React · TypeScript · HTML5 Canvas · Runge-Kutta 4 · Vite · Vercel


Setup

npm install
npm run dev

Requires Node 18+.


Design Notes

Complement colours for butterfly trail: each attractor's shadow uses the HSL complement of its primary colour, computed at runtime from the color field in constants.ts. No hardcoded shadow colours — adding a new attractor automatically gets a correct complement.

Per-attractor palettes: void black → characteristic hue → white. Multi-stop gradients interpolated against trail position. Lorenz is magma (orange), Aizawa is wild berry (pink), Cygnus X-1 is a deep blue-violet singularity palette.
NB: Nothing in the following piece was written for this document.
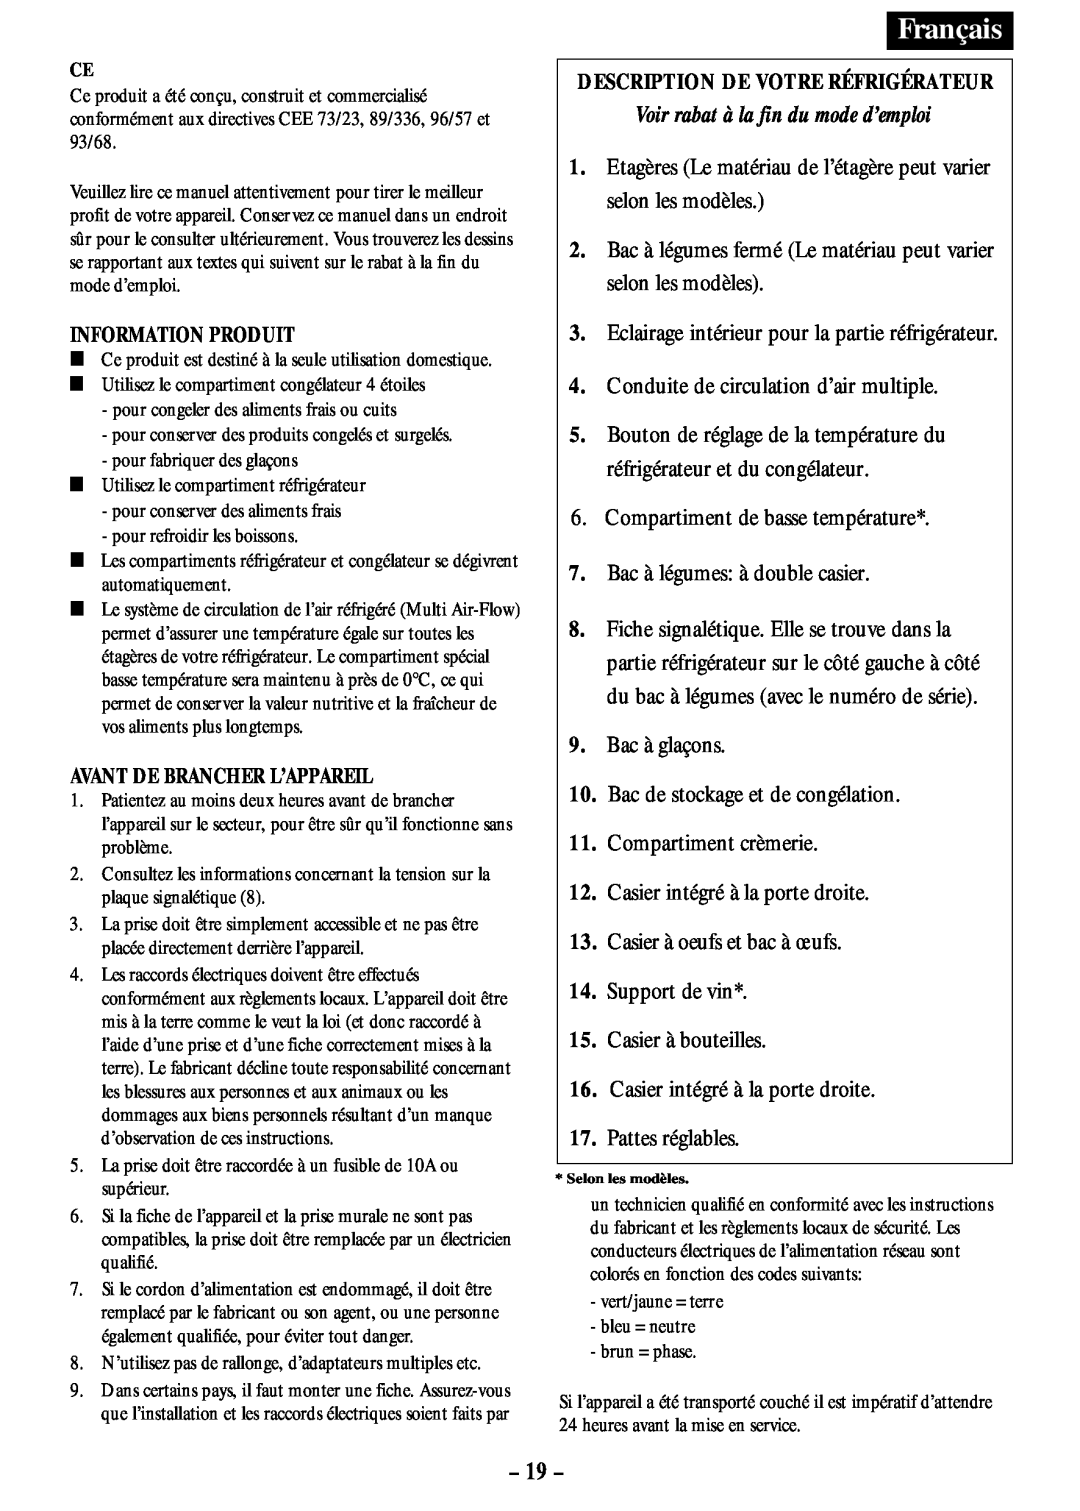 Opteka NF-347, NF1-370, NF1-350 manual 19, Description De Votre Réfrigérateur, Voir rabat à la fin du mode d’emploi, Français

Rabinovich-Fabrikant runs at 0.15× the default speed multiplier — it is genuinely highly unstable and diverges at normal integration speeds.

Connection to dynamical systems ML: RK4 integration here is the same class of numerical method used in physics-informed simulation for reinforcement learning — tyre degradation models, fuel consumption curves, weather state Markov chains. Strange attractors are the canonical demonstration of why small errors in initial conditions compound over time, which is exactly why stochastic control problems require Monte Carlo rollout planning rather than single-trajectory forecasting.

About

Interactive 3D strange attractor simulator — 10 chaotic systems (Lorenz, Rössler, Aizawa, Chen, Halvorsen, Dadras, Sprott B, Newton-Leipnik, Rabinovich-Fabrikant, Cygnus X-1) with RK4 integration, live parameter tuning, and per-attractor gradient palettes.